A Year-Round Blackbird Battle Plan
• Once conditions permit, destroy dry cattail areas (tillage, burning, or by other means) which could serve as roosting sites later on. Contact USDA Wildlife Services for spraying larger cattail wetlands. ND: 701-250-4405. SD: 605-224-8692
• At planting, consider north/south orientation if possible that may be less attractive for bird feeding.
• Get a jump on early-season weed control—weedy fields attract blackbirds.
• Keep weeds and insects under control, which attract blackbirds.
• Control cattails with herbicides after middle July.
• At bloom, disperse and repel birds that attempt to feed in sunflower fields with products such as boomers, guns, distress call recording, and BirdShield.
• Harvest as early as possible to avoid damage from migrating birds.
• Constantly monitor where blackbirds are roosting and if the wetland is large (10 or more acres) contact USDA Wildlife Services for larger-scale cattail management.
• Evaluate success of disperse and repel methods and products.
• With wetland water levels often lower, this can be a good time to cut, burn or disk cattail areas. (Wetlands located on federal or state property or under CRP may require permission from the appropriate agency.
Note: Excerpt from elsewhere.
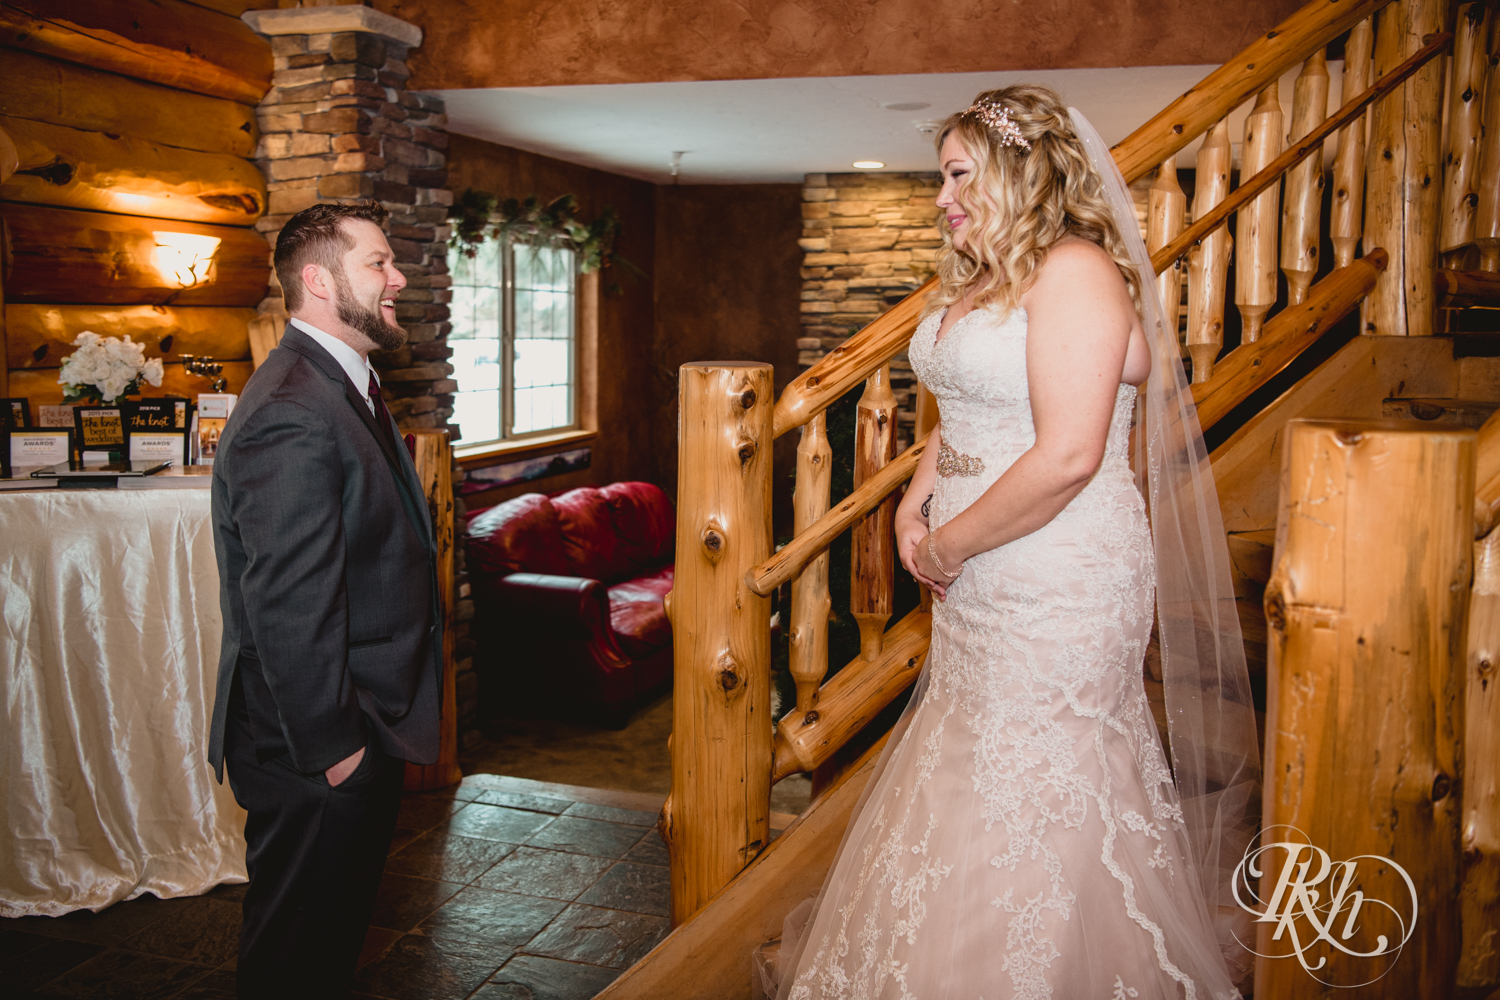 Bride and groom see each other at first look at Whitefish Lodge in Crosslake, Minnesota.

That's also the case with such acreage if to be sprayed under the APHIS program.)
• If blackbirds have been a serious problem, try to locate the coming season's sunflower fields away from sloughs and other wetlands, if possible.
• Interested North and South Dakota landowners should contact their state office of USDA-APHIS Wildlife Services for information on enrolling acreage in the coming year's cattail management program, which may include the application of a labeled aquatic herbicide on cattail areas which harbor threatening populations of blackbirds.
• Evaluate blackbird control products and management options.
• If conditions allow, cut or burn cattail areas near future sunflower fields.